__DATA EXCERPT__
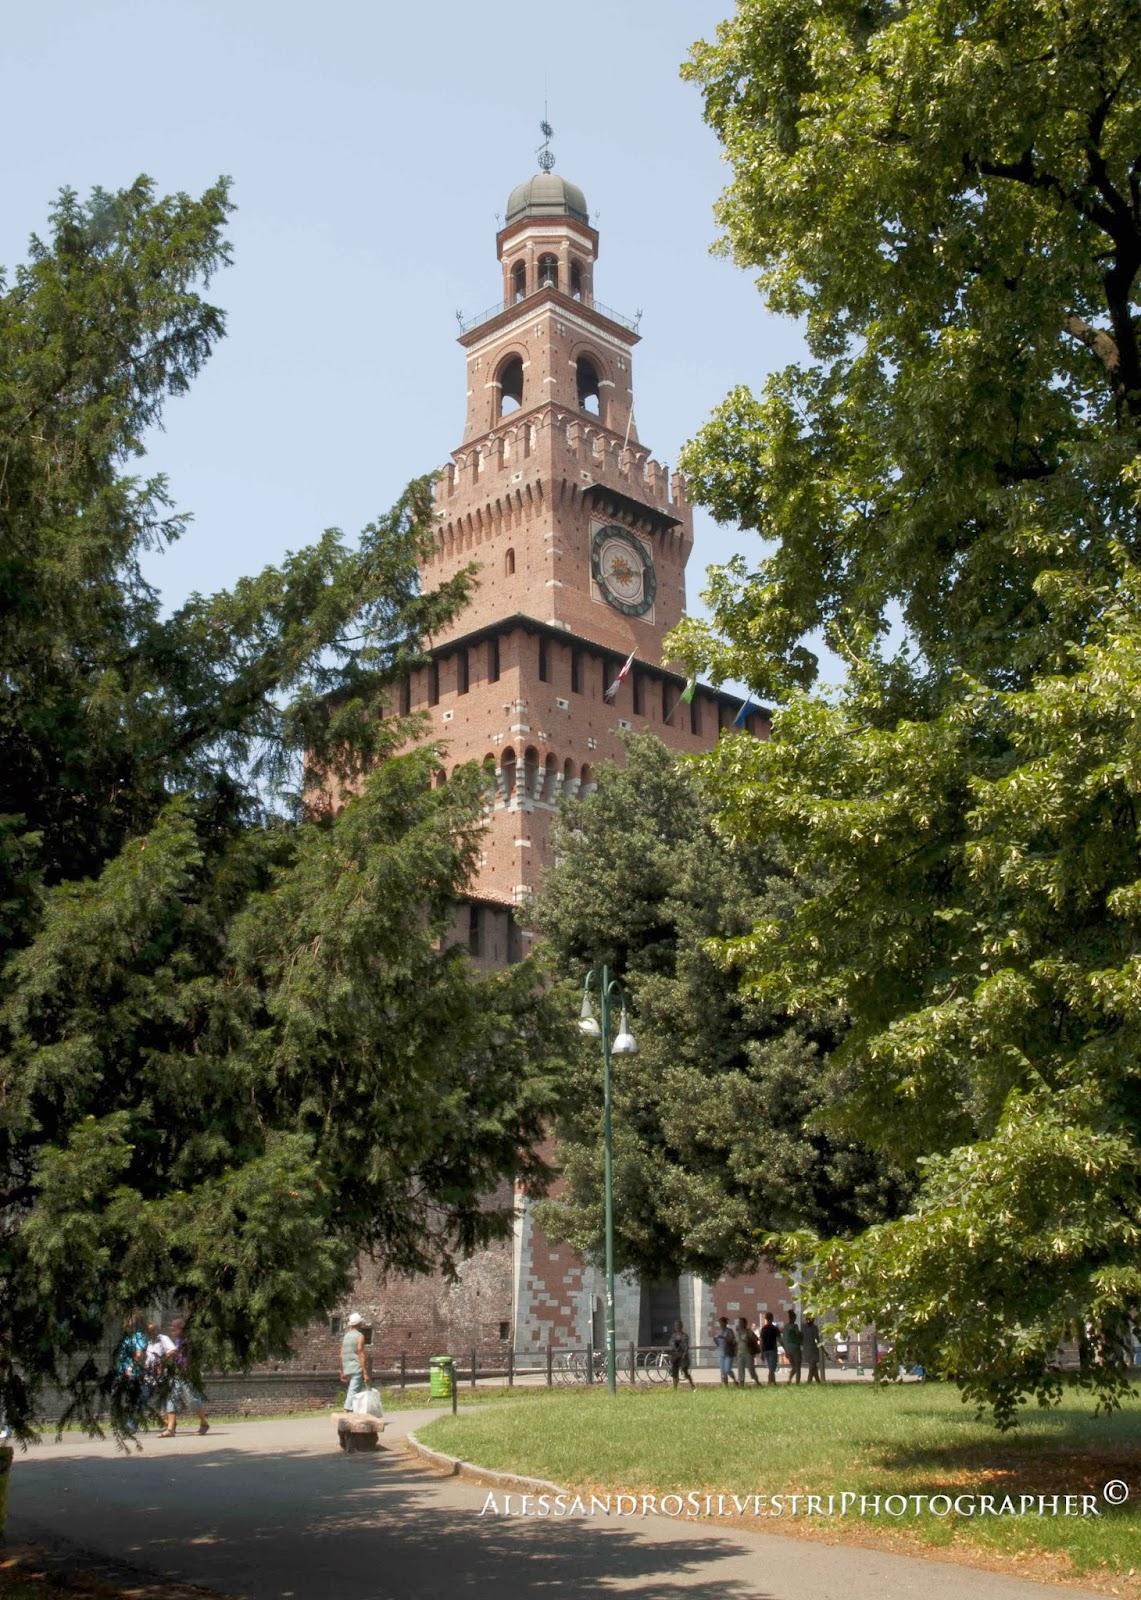 Visite guidate gratuite a Milano nel weekend: Giornata Internazionale della Guida Turistica
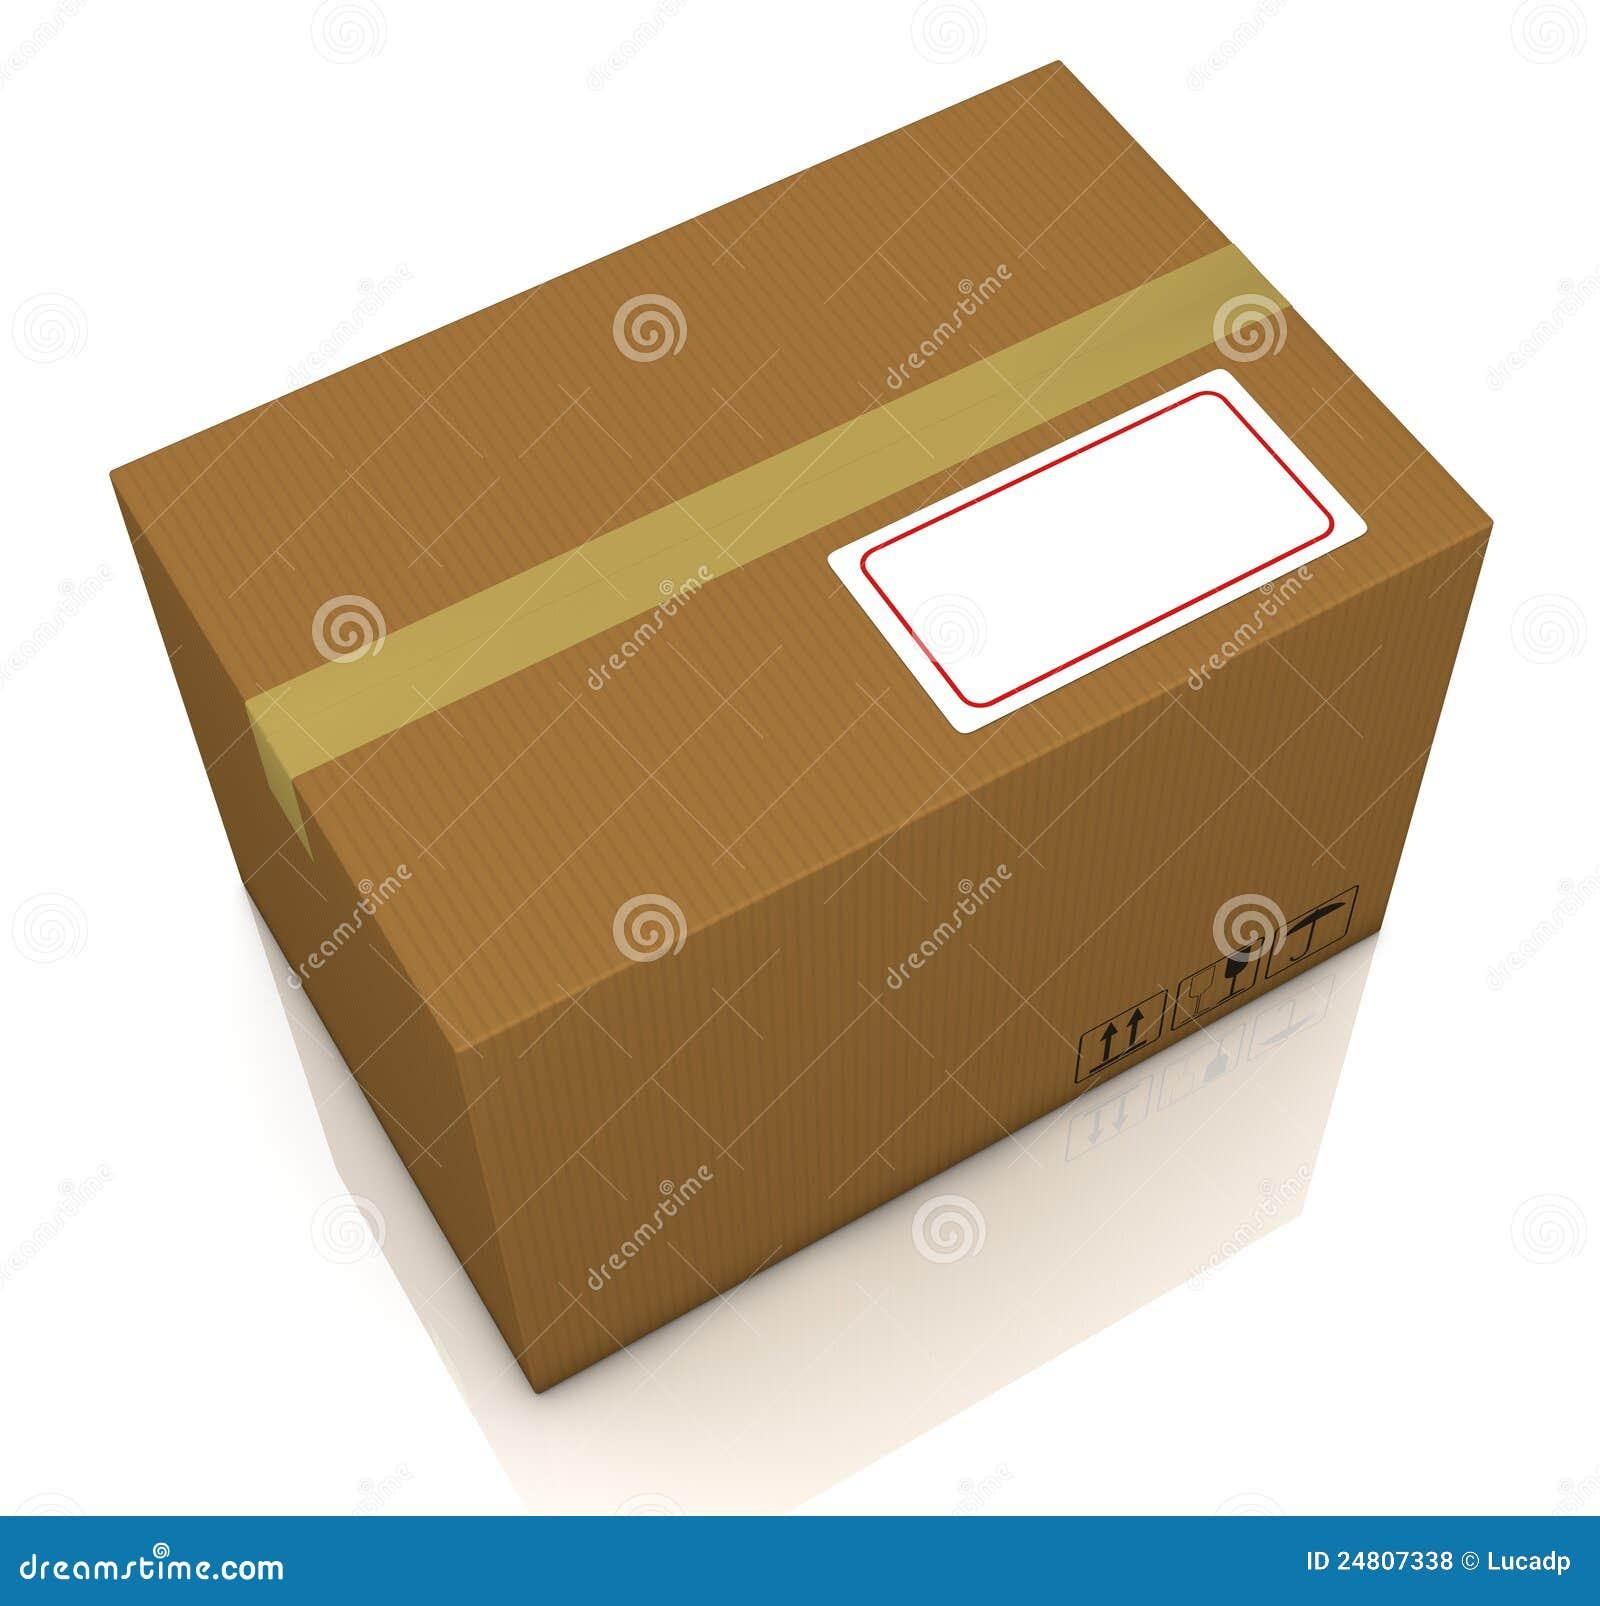 carton box making business plan
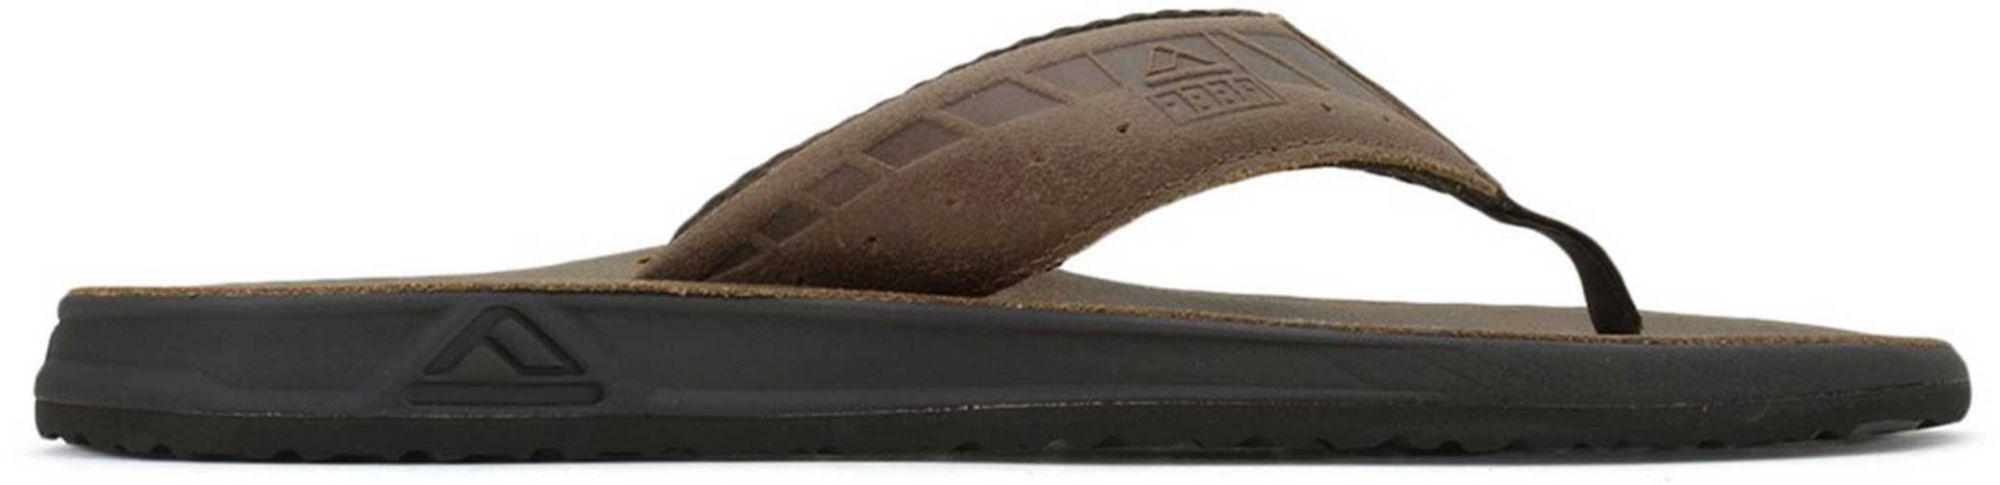 31c90e0e639 Lyst - Reef Phantom Ultimate Flip Flops in Brown for Men

__ACTIVITY__
Reproduce the listing word for word. Do not carry over the pictures.

__RESPONSE BOX__
 Visite guidate gratuite a Milano nel weekend: Giornata Internazionale della Guida Turistica
 carton box making business plan
 31c90e0e639 Lyst - Reef Phantom Ultimate Flip Flops in Brown for Men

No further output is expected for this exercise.